#### LISTED ENTRIES

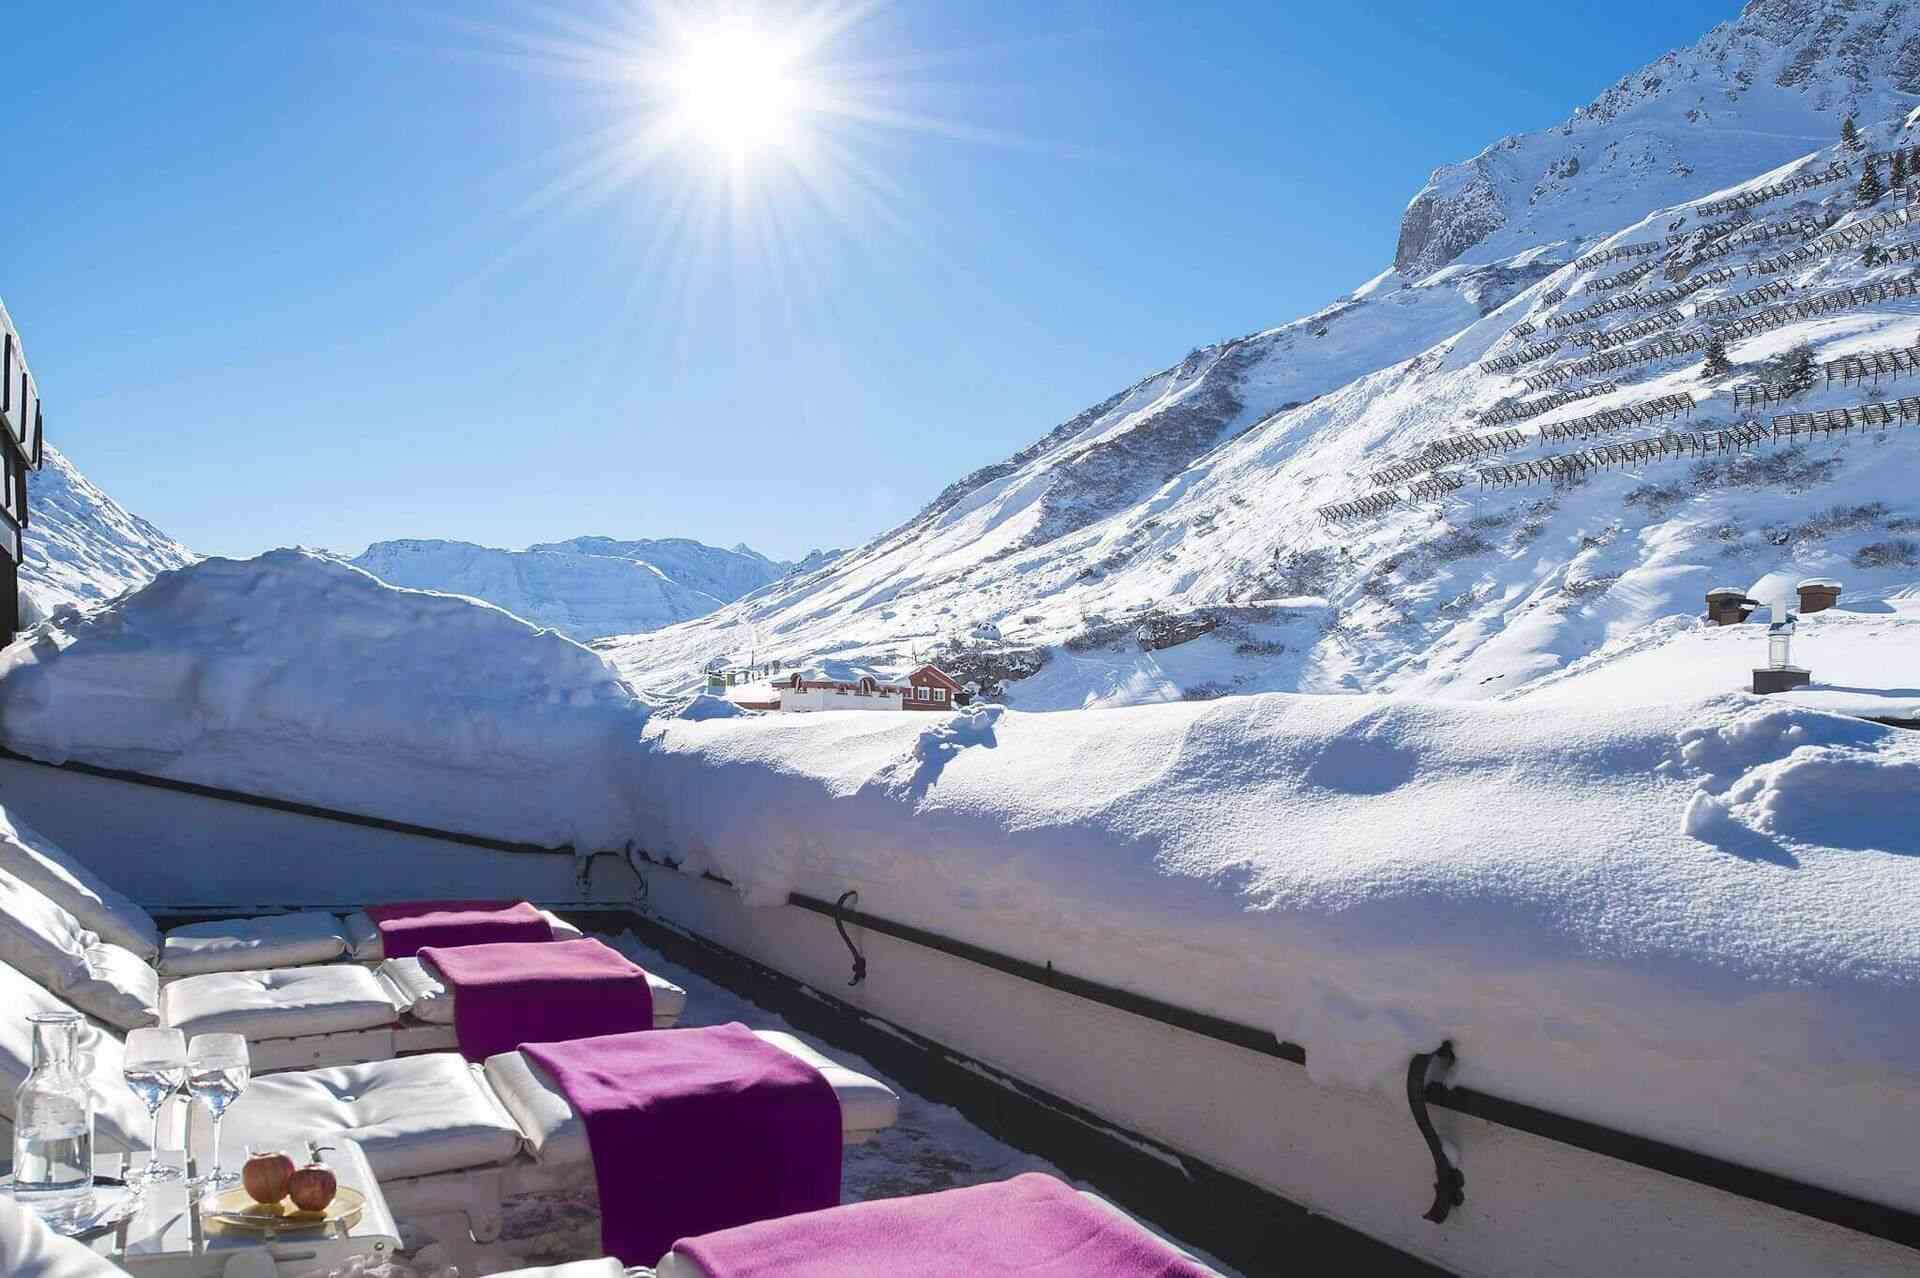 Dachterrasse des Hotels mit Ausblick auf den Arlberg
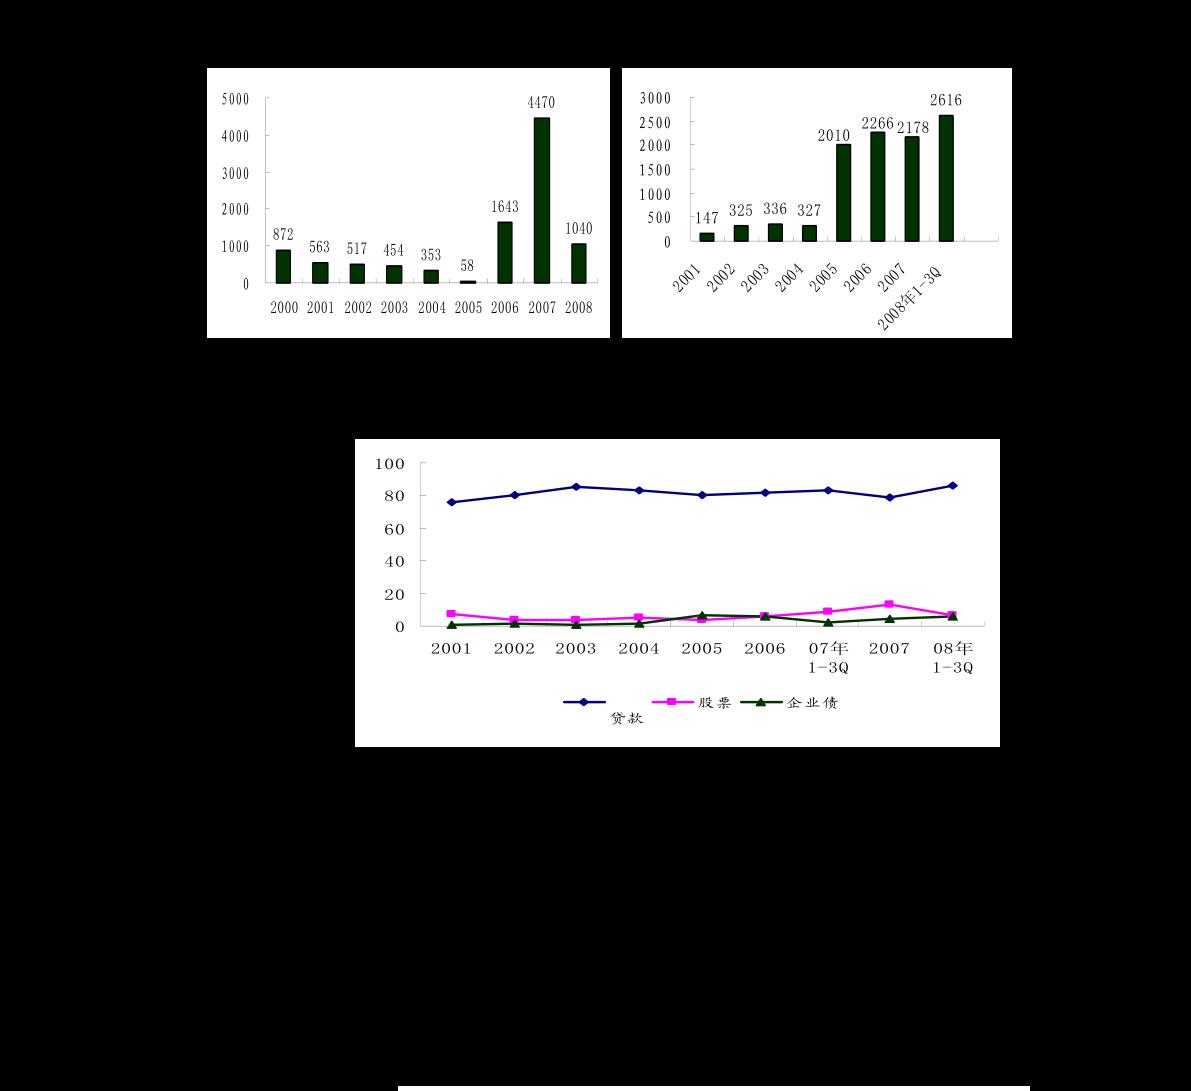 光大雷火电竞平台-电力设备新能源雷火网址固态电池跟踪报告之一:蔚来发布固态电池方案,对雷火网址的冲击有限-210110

* * *

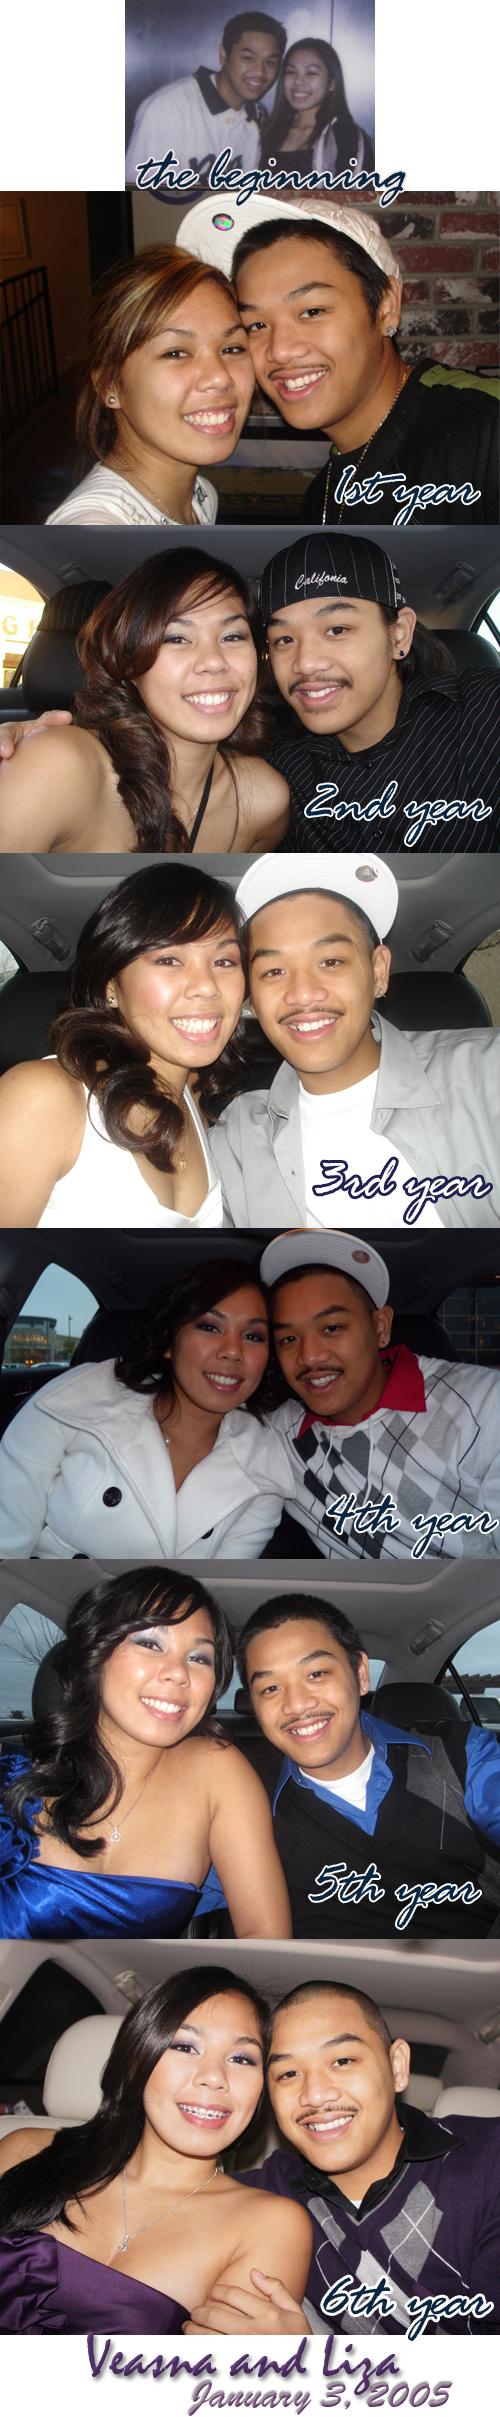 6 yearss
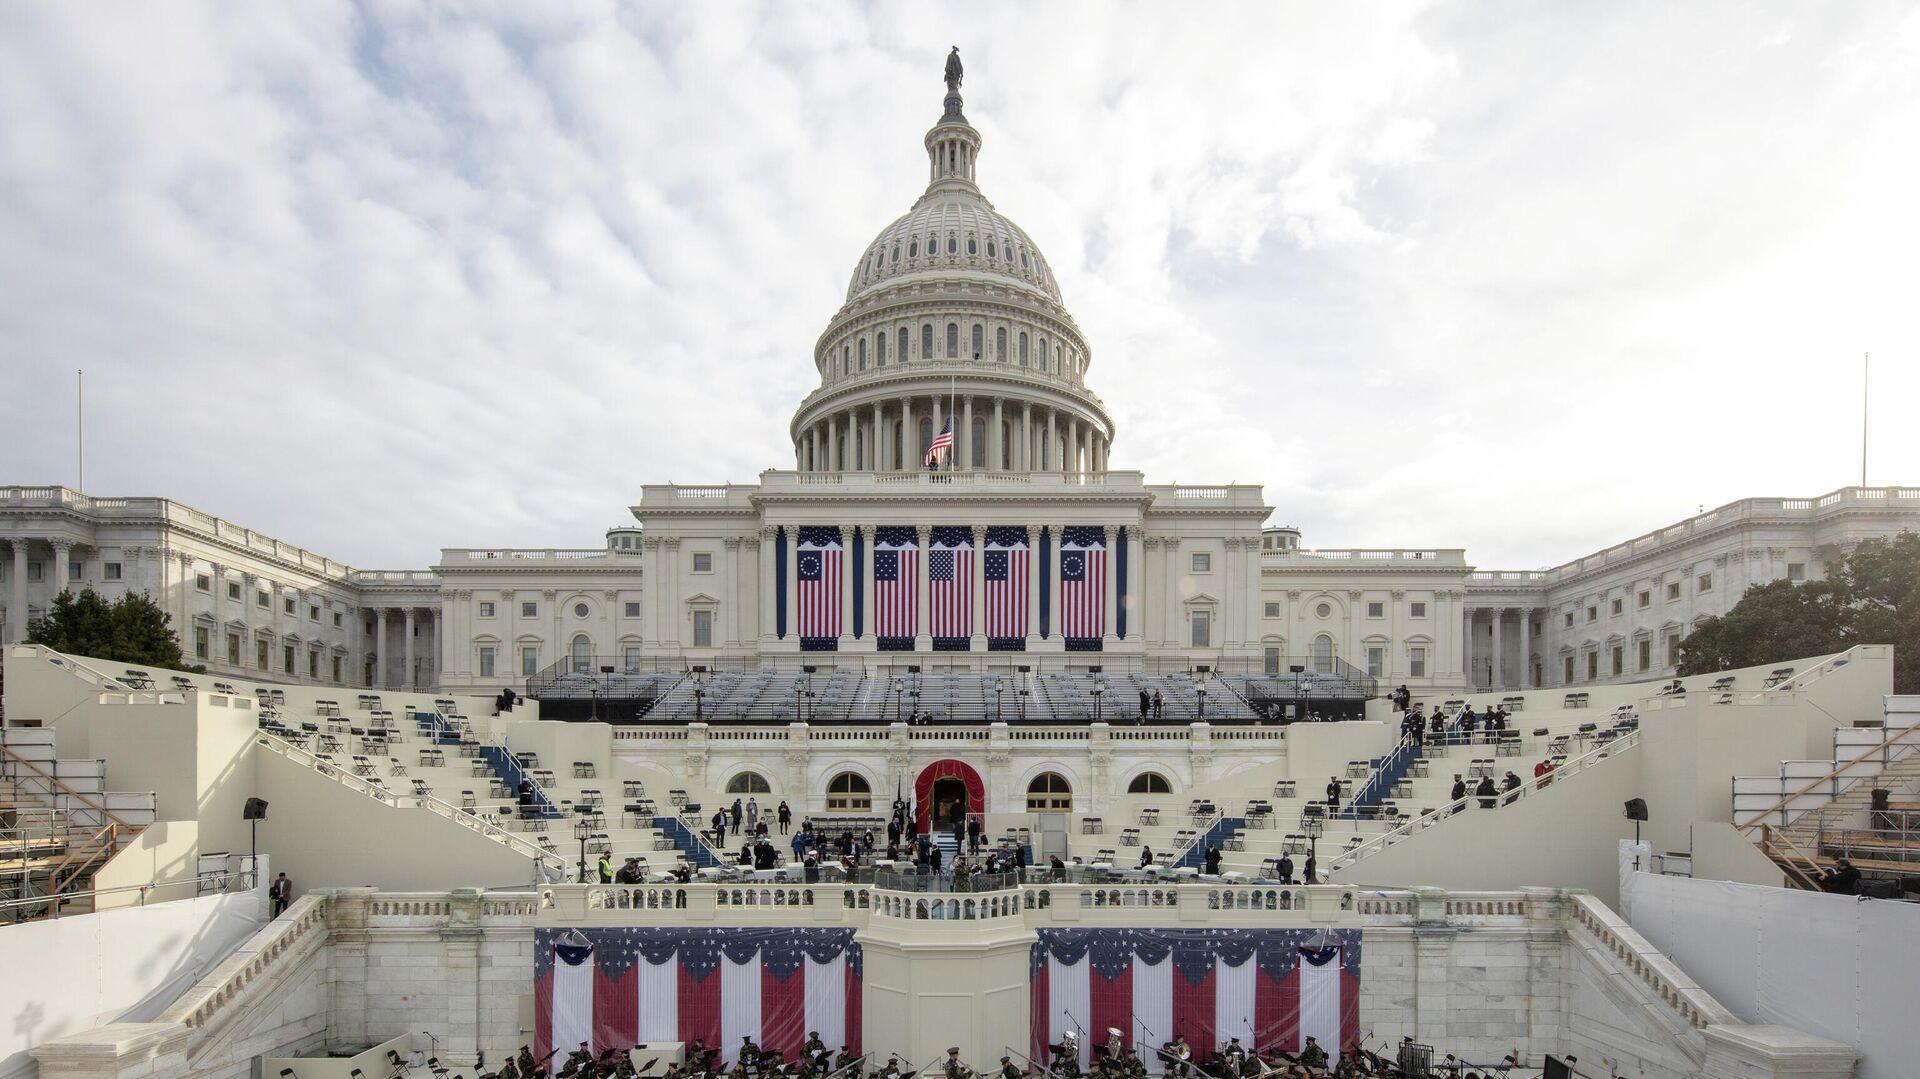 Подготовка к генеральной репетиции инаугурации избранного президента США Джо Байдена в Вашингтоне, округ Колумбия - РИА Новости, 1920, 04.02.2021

#### TASK DIRECTIONS
Only one stretch of the data is wanted: write out exactly the lines from the one holding "Dachterrasse des Hotels" through the one holding "光大雷火电竞平台-电力设备新", both included, without the pictures.

#### RESULT BELOW
 Dachterrasse des Hotels mit Ausblick auf den Arlberg
 光大雷火电竞平台-电力设备新能源雷火网址固态电池跟踪报告之一:蔚来发布固态电池方案,对雷火网址的冲击有限-210110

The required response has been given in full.